Of Substrings and Divisors

Today I turned 27375 days old and this number has an interesting property in that:$$ \begin{align} 27375 &=375 \times 73  \\ &=5 \times 73 \times 75 \end{align}$$Looking at the numbers on the RHS of the equations, it can be seen that 5, 73, 75 and 375 are all substrings of the string 27375, considering the numbers as collections of characters rather than digits.
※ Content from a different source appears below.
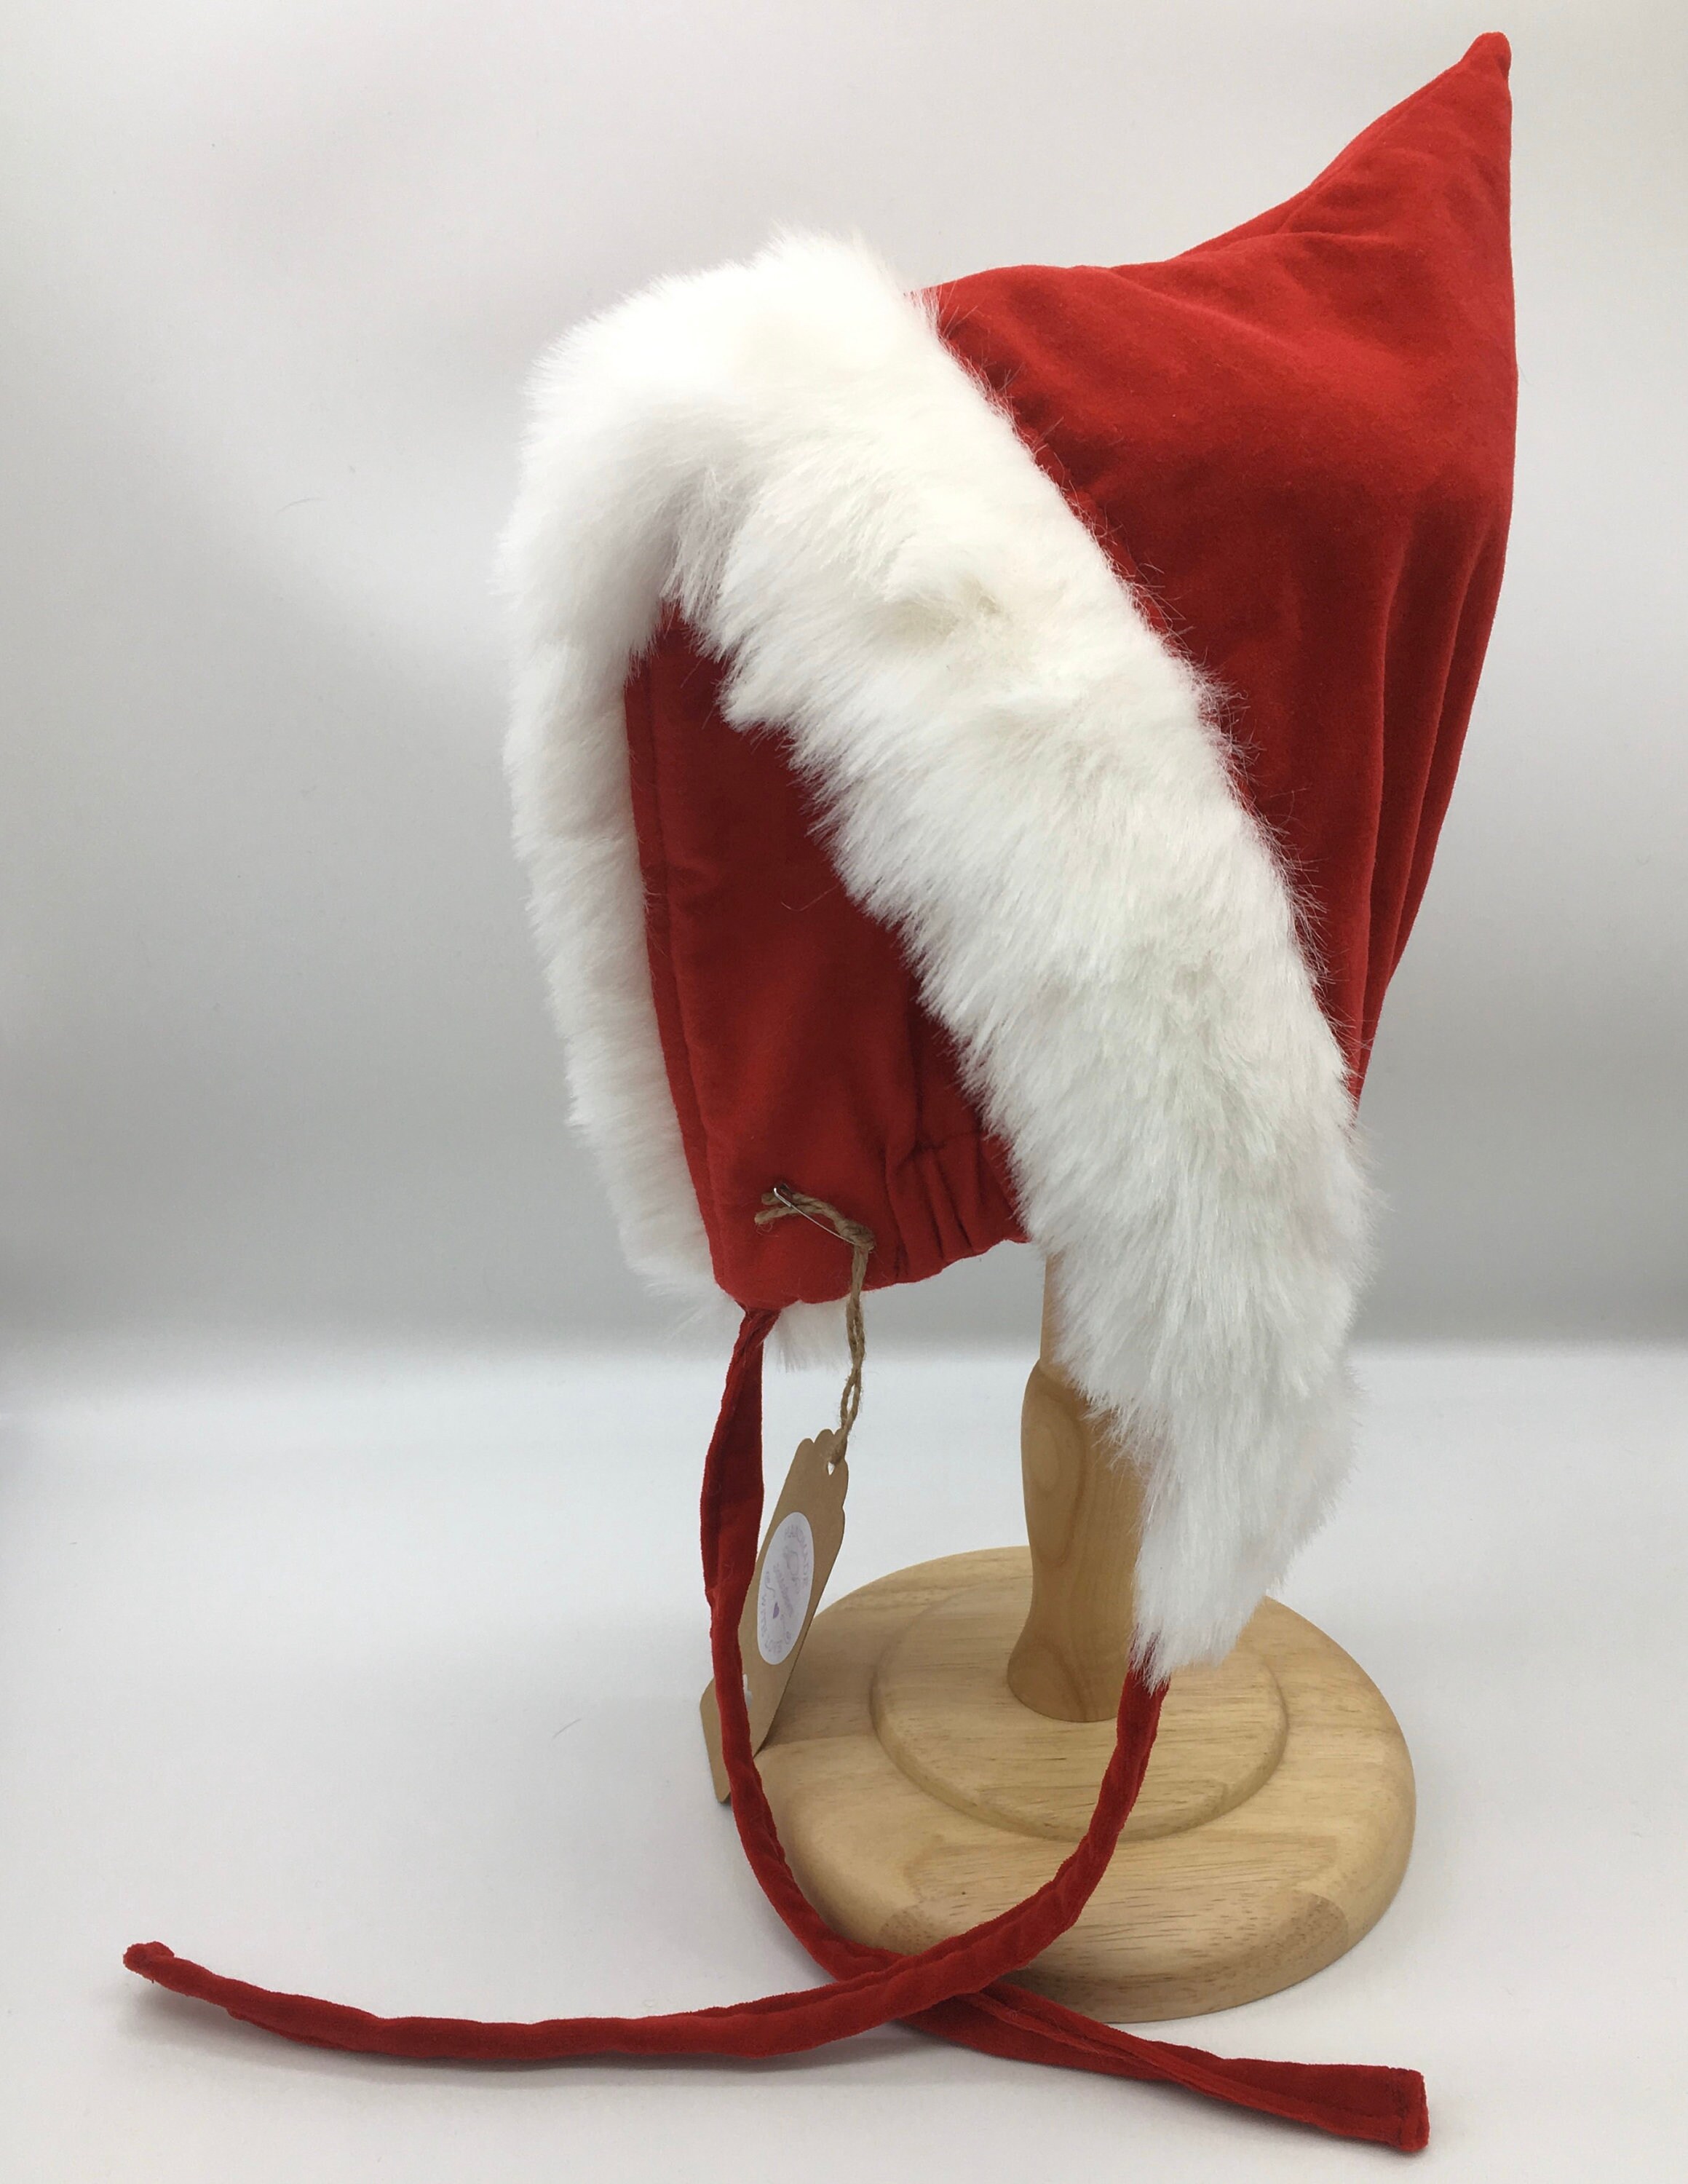 DeHasion 6 Packs Chistmas Hats Christmas Decoration Santa Hat for Adults Christmas Party Supply Big Santa Hat Comfort Liner Red Velvet

The numbers with this property form OEIS A059470:

A059470

Numbers that are the products of distinct substrings (>1) of themselves and do not end in 0.

These numbers are not numerous and up to 40000 they are:

125, 375, 735, 1197, 1296, 1352, 1593, 1734, 2346, 3125, 4224, 4872, 5775, 8448, 9072, 11715, 12768, 13455, 14476, 14673, 15625, 16128, 17136, 17493, 18432, 21168, 22176, 23184, 23391, 27216, 27375, 27648, 27864, 32256, 34272, 34398, 36288, 36864, 37296, 39375

The breakdown into divisors/substrings is as follows with some numbers having more than one representation (permalink):

125 equals the product of [25, 5]

375 equals the product of [75, 5]

735 equals the product of [35, 3, 7]

1197 equals the product of [9, 19, 7]

1296 equals the product of [9, 2, 12, 6]

1352 equals the product of [2, 52, 13]

1593 equals the product of [9, 3, 59]

1734 equals the product of [17, 34, 3]

2346 equals the product of [3, 34, 23]

3125 equals the product of [25, 125]

4224 equals the product of [24, 2, 4, 22]

4872 equals the product of [87, 7, 8]

4872 equals the product of [2, 4, 87, 7]

5775 equals the product of [75, 77]

8448 equals the product of [48, 4, 44]

9072 equals the product of [72, 9, 2, 7]

11715 equals the product of [11, 15, 71]

12768 equals the product of [2, 7, 12, 76]

13455 equals the product of [13, 3, 345]

14476 equals the product of [7, 44, 47]

14673 equals the product of [3, 73, 67]

15625 equals the product of [625, 25]

16128 equals the product of [6, 8, 12, 28]

17136 equals the product of [3, 6, 7, 136]

17493 equals the product of [17, 3, 49, 7]

18432 equals the product of [32, 4, 18, 8]

21168 equals the product of [21, 6, 168]

22176 equals the product of [176, 21, 6]

23184 equals the product of [3, 4, 84, 23]

23391 equals the product of [339, 3, 23]

27216 equals the product of [6, 21, 216]

27216 equals the product of [2, 7, 72, 27]

27375 equals the product of [375, 73]

27375 equals the product of [5, 73, 75]

27648 equals the product of [64, 2, 8, 27]

27864 equals the product of [2, 6, 86, 27]

32256 equals the product of [32, 3, 6, 56]

34272 equals the product of [3, 42, 272]

34272 equals the product of [2, 34, 7, 72]

34272 equals the product of [2, 34, 3, 4, 42]

34398 equals the product of [9, 98, 39]

36288 equals the product of [2, 3, 36, 6, 28]

36864 equals the product of [64, 3, 4, 6, 8]

37296 equals the product of [2, 37, 7, 72]

37296 equals the product of [2, 7, 296, 9]

37296 equals the product of [3, 6, 7, 296]

39375 equals the product of [3, 5, 7, 375]

I adapted the code for generating the substrings from this source (see Figure 1).

While these numbers are not frequent, there are two coming up in the relatively near future (27648 and 27864) before there is a big gap to the next number, 32256.